Data access and storage components cluster within the following subsystems, where each subsystem specialises along the structure or the semantics of the data:

the Tree-Based Access subsystem
groups components that implement access and storage facilities for structured data of arbitrary semantics, origin, and size.
The subsystem focuses on uniform access to structured data for cross-domain processes, including but not limited to system processes.

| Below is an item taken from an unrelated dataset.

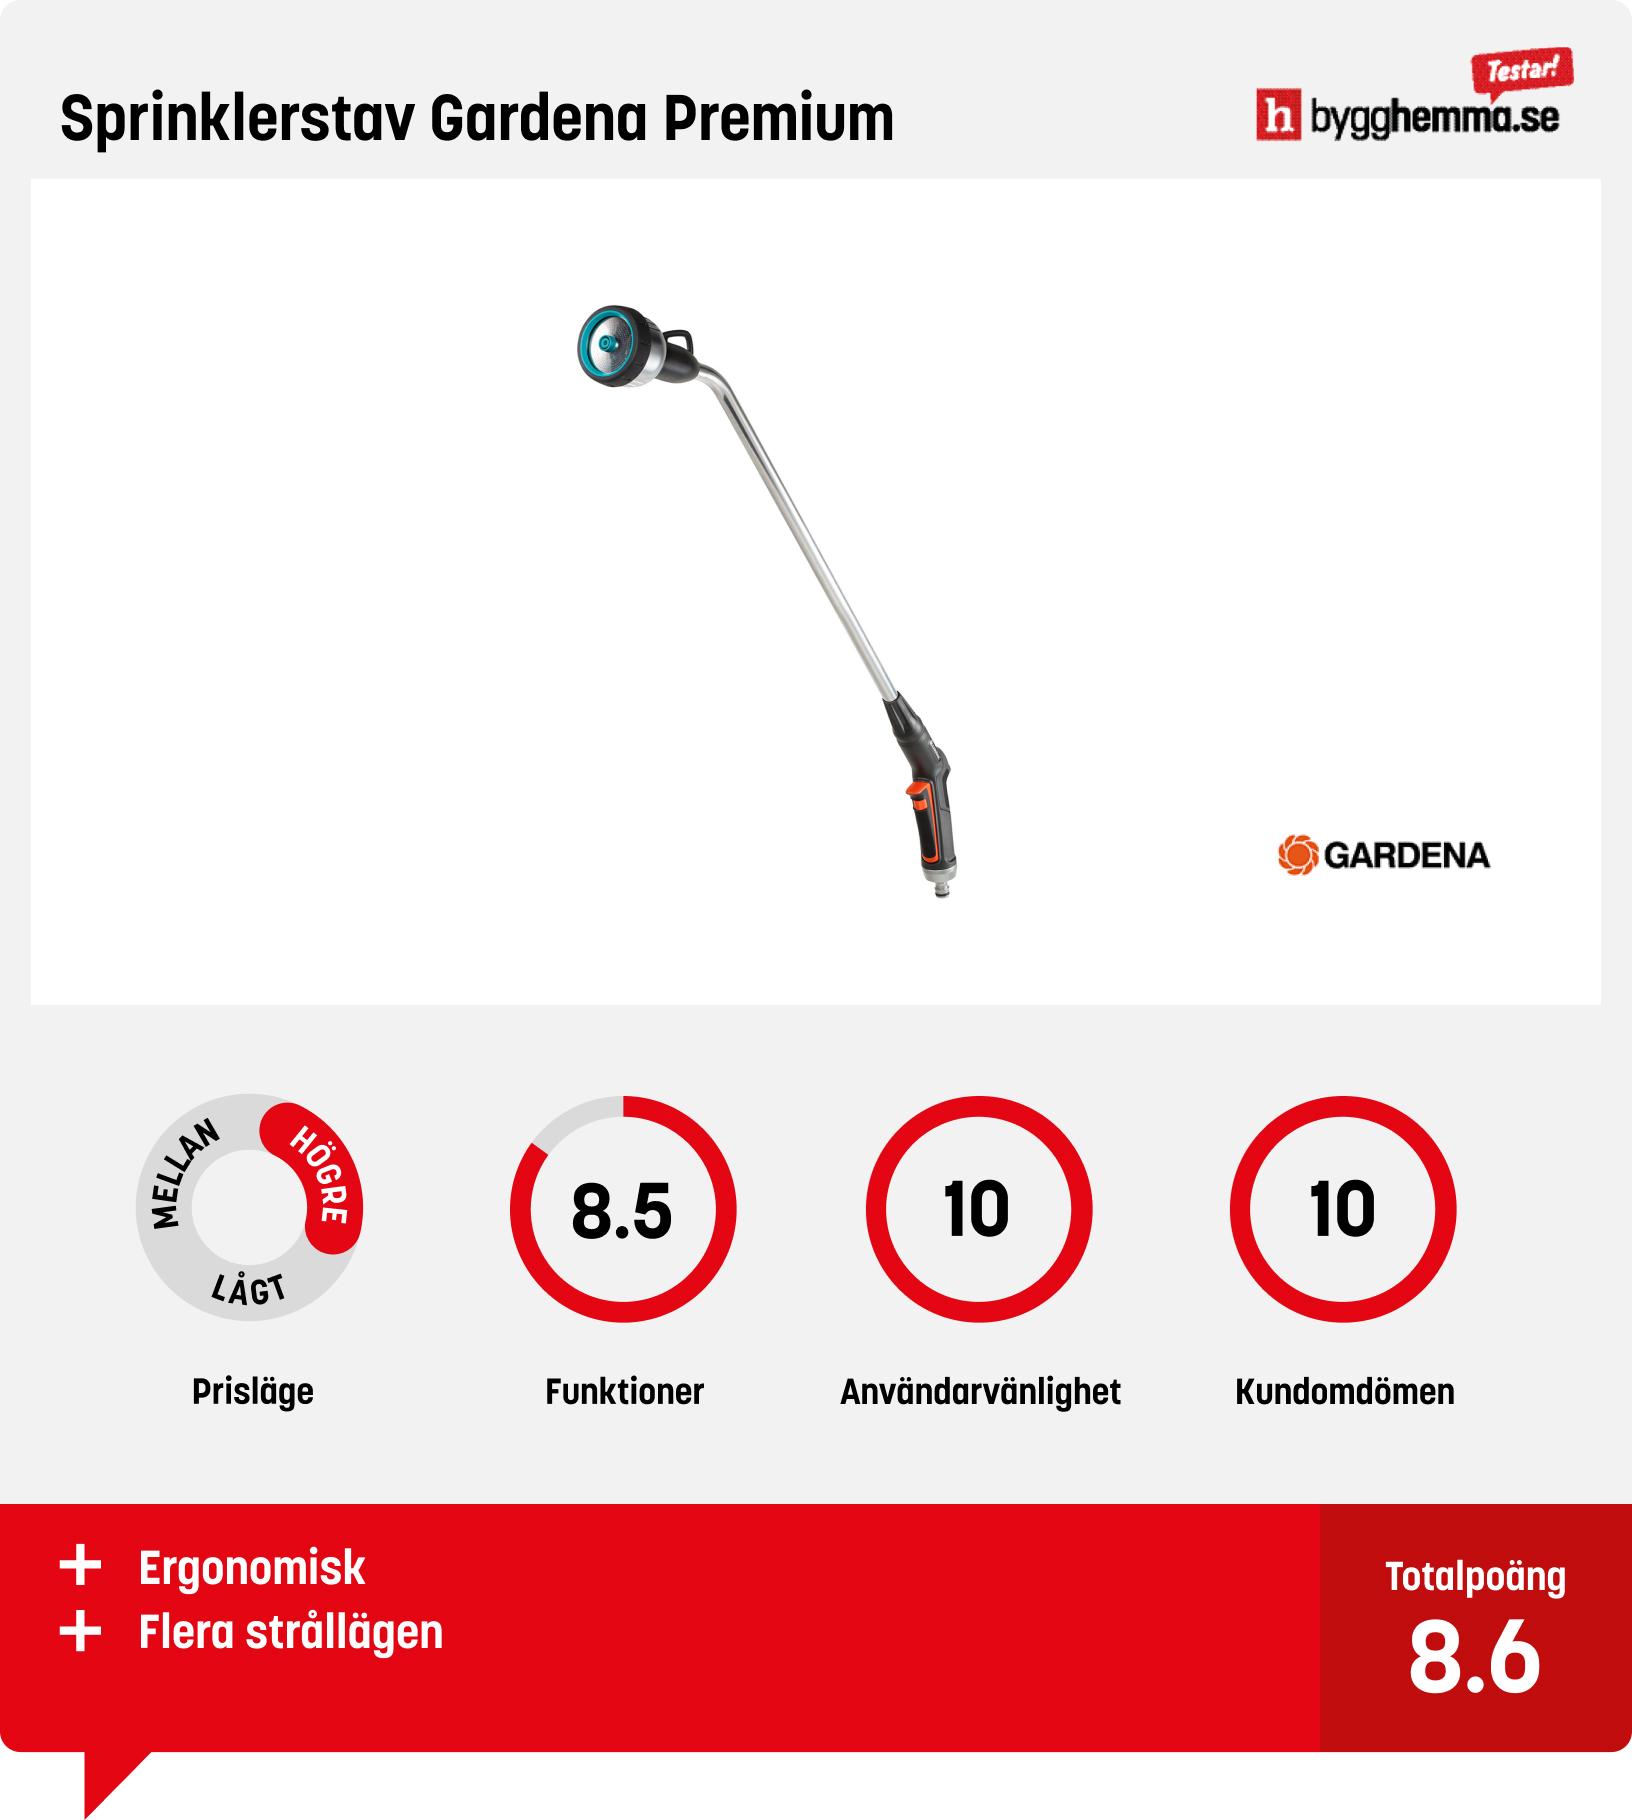 Sprinklerpstol bäst i test - Sprinklerstav Gardena Premium

A subset of the components build on the generic interface and specialise it to data with domain-specific semantics, including document data and semantic data.
the Biodiversity Access subsystem
groups components that implement access and storage facilities for structured data with biodiversity semantics and arbitrary origin and size;
The subsystem focuses on uniform access to biodiversity data for domain-specific processes and feeds into the Tree-Based Access subsystem.
the File-Based Access subsystem
groups components that implement access and storage facilities for unstructured data with arbitrary semantics and size;
The subsystem focuses on storage and retrieval of bytestreams for arbitrary processes, including but not limited to system processes.